• _EXERCISE PROMPT_
Write out the listing below without alteration, omitting its pictures.

• _DATASET EXCERPT_
================================

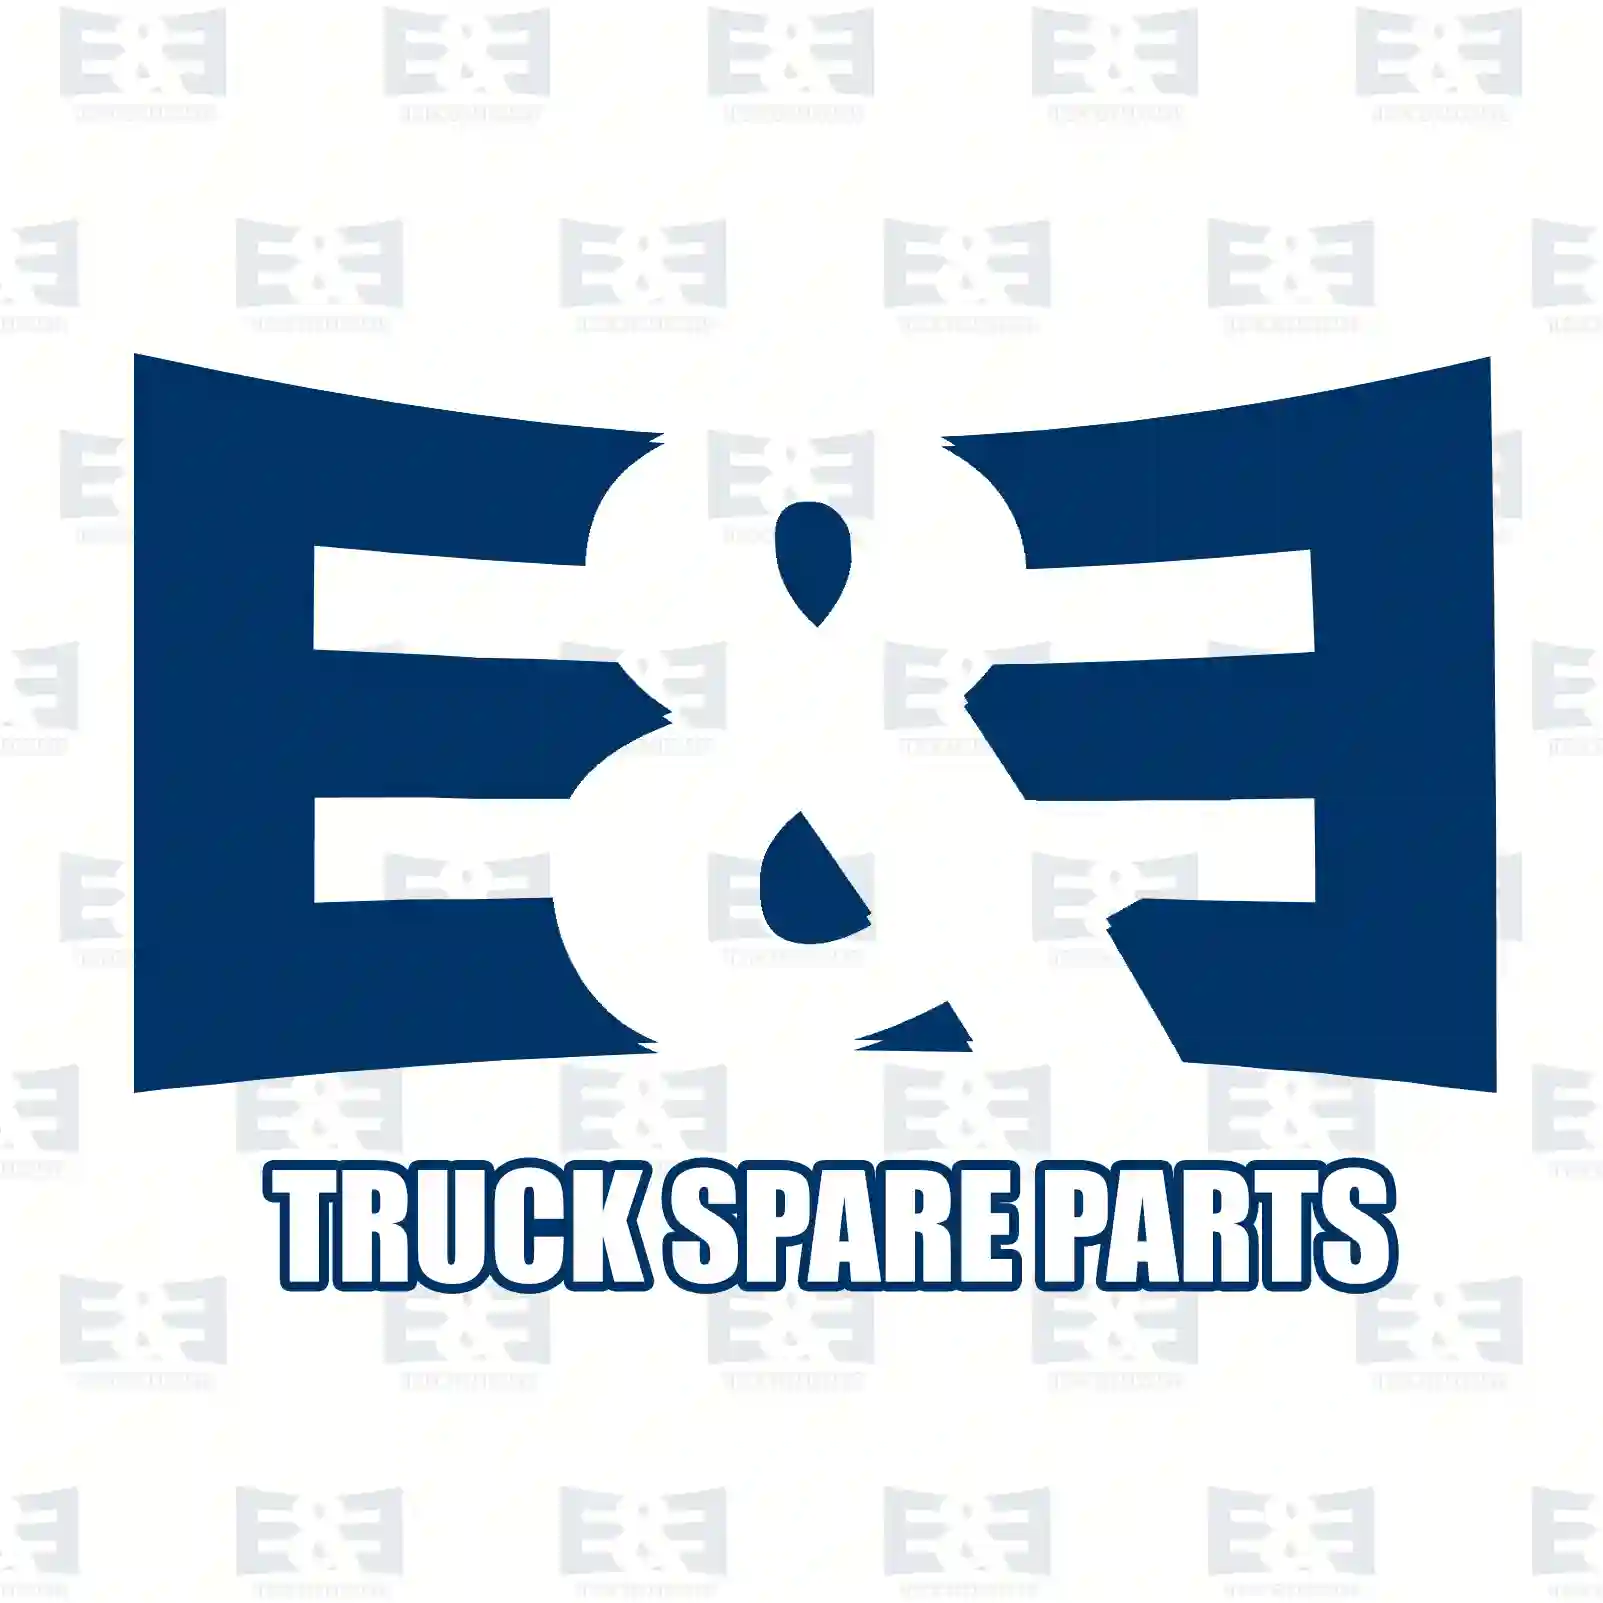 Thermostat, 2E2203714, 0104159, 0390455, 0394346, 104159, 390455, 394346, 1634187210000, 04749724, 04827495, 98492868, 98492873, 0022037775, 0022038275, 1162000015, 272783 ||  2E2203714 E&E Truck Spare Parts | Truck Spare Parts, Auotomotive Spare Parts Thermostat, 2E2203714, 0104159, 0390455, 0394346, 104159, 390455, 394346, 1634187210000, 04749724, 04827495, 98492868, 98492873, 0022037775, 0022038275, 1162000015, 272783 ||  2E2203714 E&E Truck Spare Parts | Truck Spare Parts, Auotomotive Spare Parts
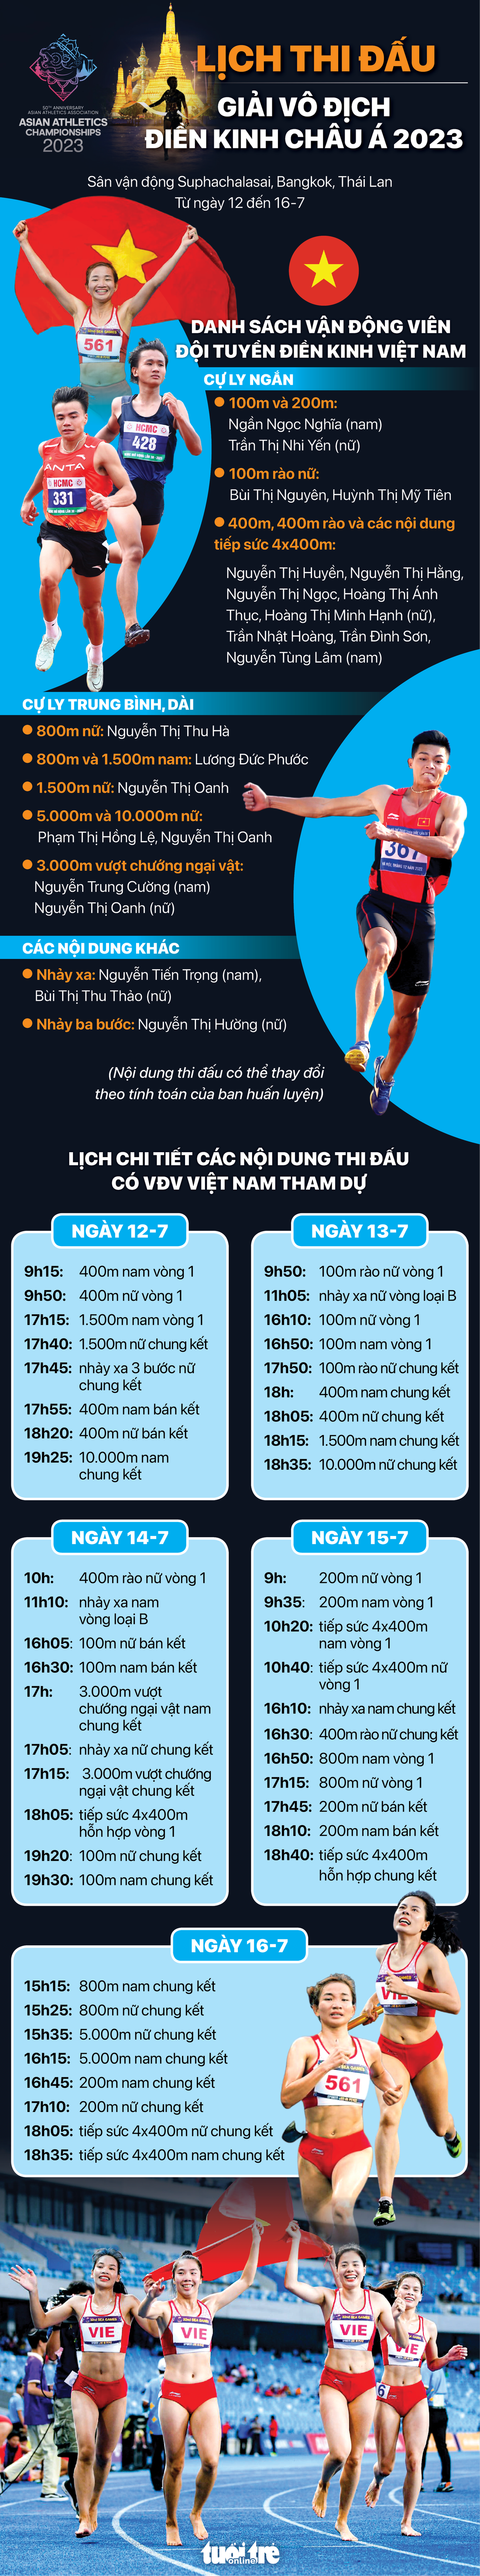 Lịch thi đấu đội tuyển điền kinh Việt Nam ở Giải vô địch điền kinh châu Á 2023 - Đồ họa: AN BÌNH
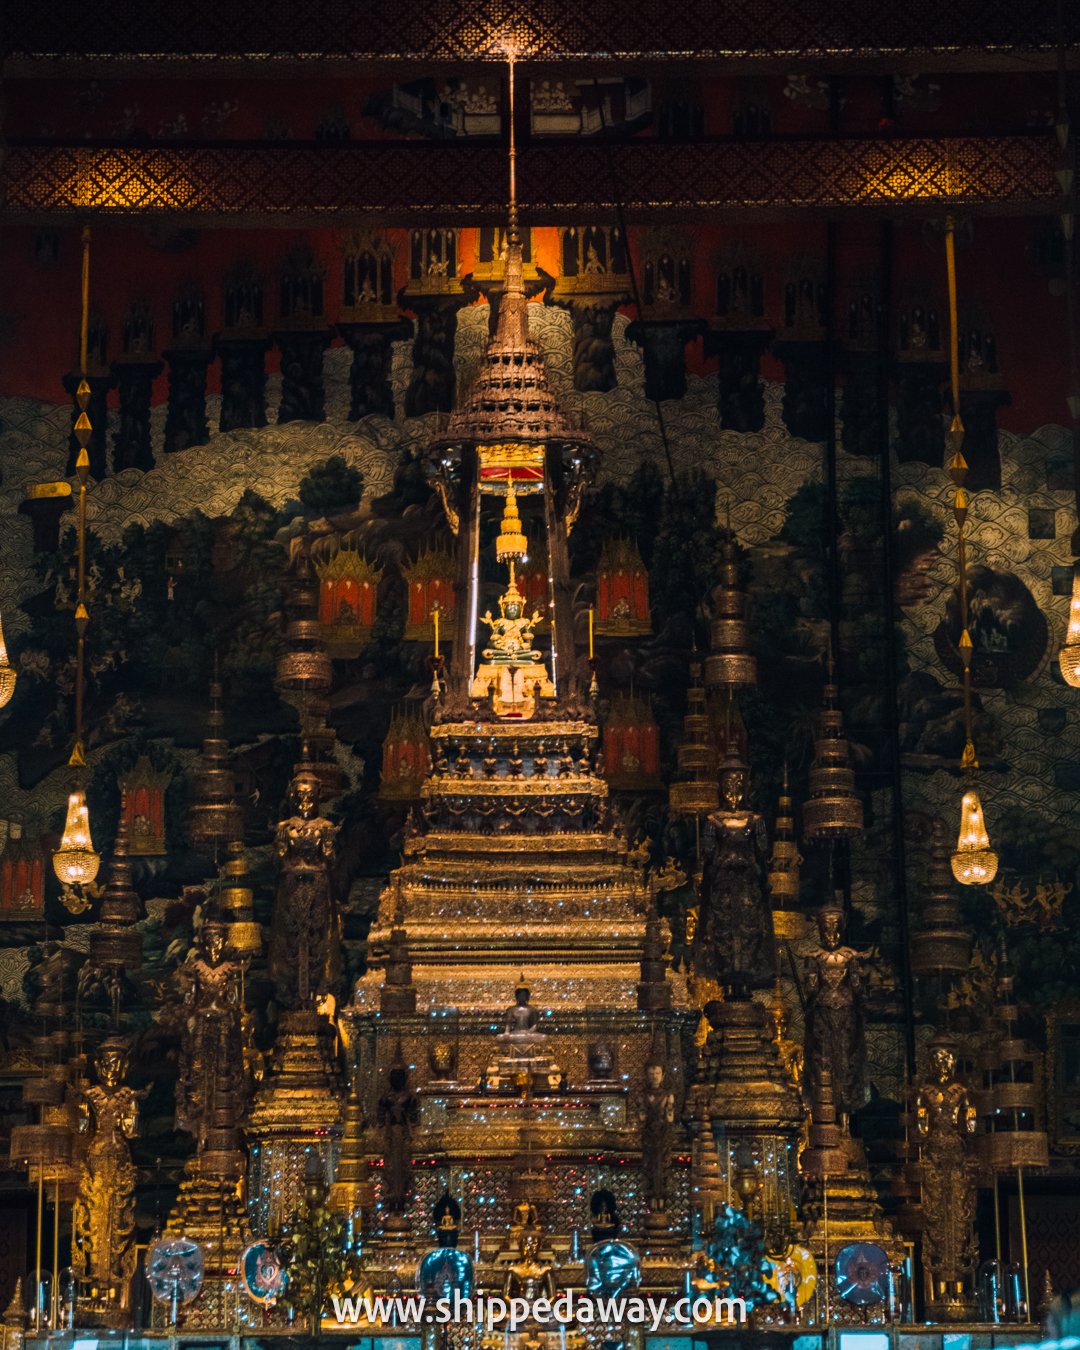 Emerald Buddha at The Grand Palace in Bangkok, Thailand

================================

• _SOLUTION FOR THIS TASK_
 Thermostat, 2E2203714, 0104159, 0390455, 0394346, 104159, 390455, 394346, 1634187210000, 04749724, 04827495, 98492868, 98492873, 0022037775, 0022038275, 1162000015, 272783 ||  2E2203714 E&E Truck Spare Parts | Truck Spare Parts, Auotomotive Spare Parts Thermostat, 2E2203714, 0104159, 0390455, 0394346, 104159, 390455, 394346, 1634187210000, 04749724, 04827495, 98492868, 98492873, 0022037775, 0022038275, 1162000015, 272783 ||  2E2203714 E&E Truck Spare Parts | Truck Spare Parts, Auotomotive Spare Parts
 Lịch thi đấu đội tuyển điền kinh Việt Nam ở Giải vô địch điền kinh châu Á 2023 - Đồ họa: AN BÌNH
 Emerald Buddha at The Grand Palace in Bangkok, Thailand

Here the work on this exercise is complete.